At this point, if we have done our job properly, you now possess the essential skills to use IDA effectively and, more important, to bend it to your will. The next step, young grasshopper, is to learn to react to the ninja stars that binaries (as opposed to IDA) will throw at you. Depending on your motives for staring at assembly language, you may be very familiar with what you are looking at, or you may never know what you are going to be faced with. If you happen to spend all of your time examining code that was compiled using gcc on a Linux platform, you may become quite familiar with the style of code that it generates. On the other hand, if someone dropped a debug version of a program compiled using Microsoft Visual C++ (VC++) in your lap, you might be completely baffled. Malware analysts in particular are faced with a wide variety of code to examine. Setting aside the topic of obfuscation for the moment, malware analysts are likely to see code created using Visual Basic, Delphi, and Visual C/C++; machine language blobs embedded within documents; and more all in the same afternoon.

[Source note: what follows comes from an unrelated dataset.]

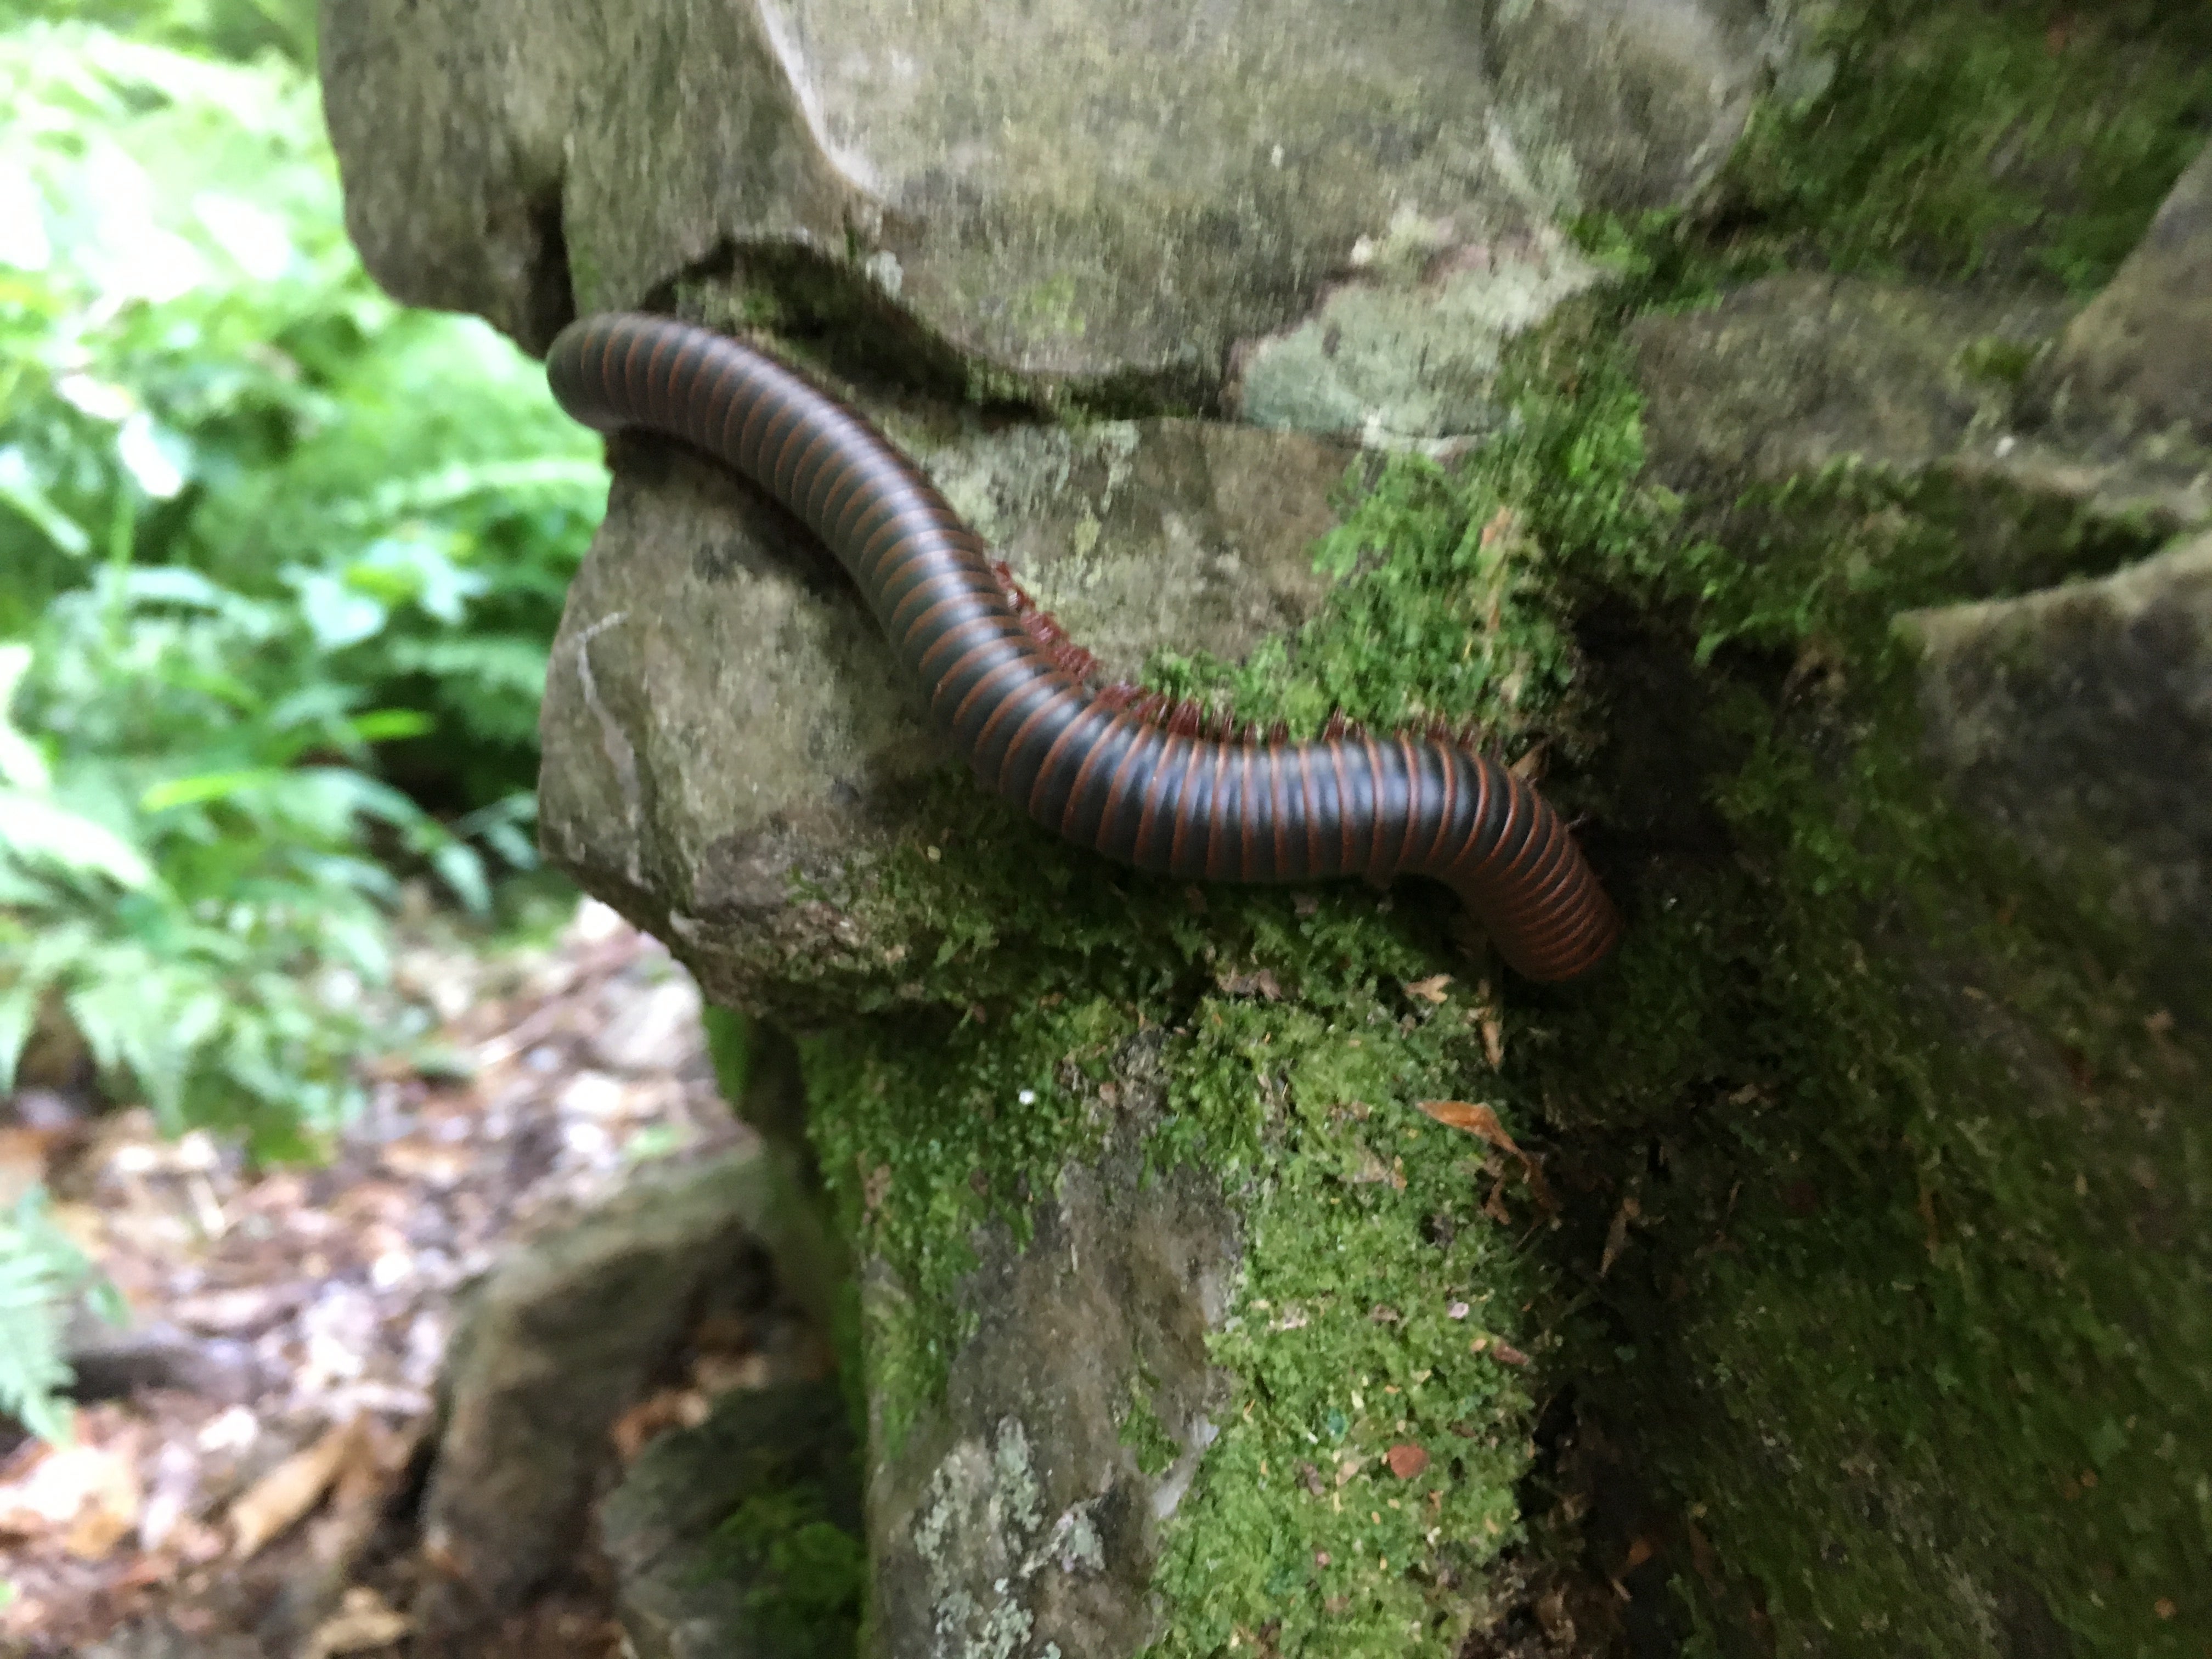 Critter along the trail (millipede)

In this chapter we will take a brief look at some of the ways that compilers differ as viewed through the IDA looking glass. The intent is not to delve into why compilers differ; rather, we hope to cover some of the ways that those differences manifest themselves in disassembly listings and how you may resolve those differences. Among other things, the compiler and associated options used to build a particular piece of software constitute one data point in profiling the author of that software.
While a wide variety of compilers are available for a wide variety of languages, in this chapter we will primarily utilize compiled C code for our examples, as a large number of C compilers are available for a large number of platforms.
The C switch
statement is a frequent target for compiler optimizations. The goal of these optimizations is to match the switch variable to a valid case label in the most efficient manner possible. The means by which this is achieved typically depends on the nature of the switch
statement’s case labels. When the case labels are widely spread, as in the following example, most compilers generate code to perform a binary search [140]to match the switch variable against one of the cases.
switch (value) { case 1: //code executed when value == 1 break; case 211: //code executed when value == 211 break; case 295: //code executed when value == 295 break; case 462: //code executed when value == 462 break; case 1093: //code executed when value == 1093 break; case 1839: //code executed when value == 1839 break; }
When case labels are closely clustered, preferably sequentially as shown here, compilers generally resolve the switch variable by performing a table lookup[141] to match the switch variable to the address of its associated case.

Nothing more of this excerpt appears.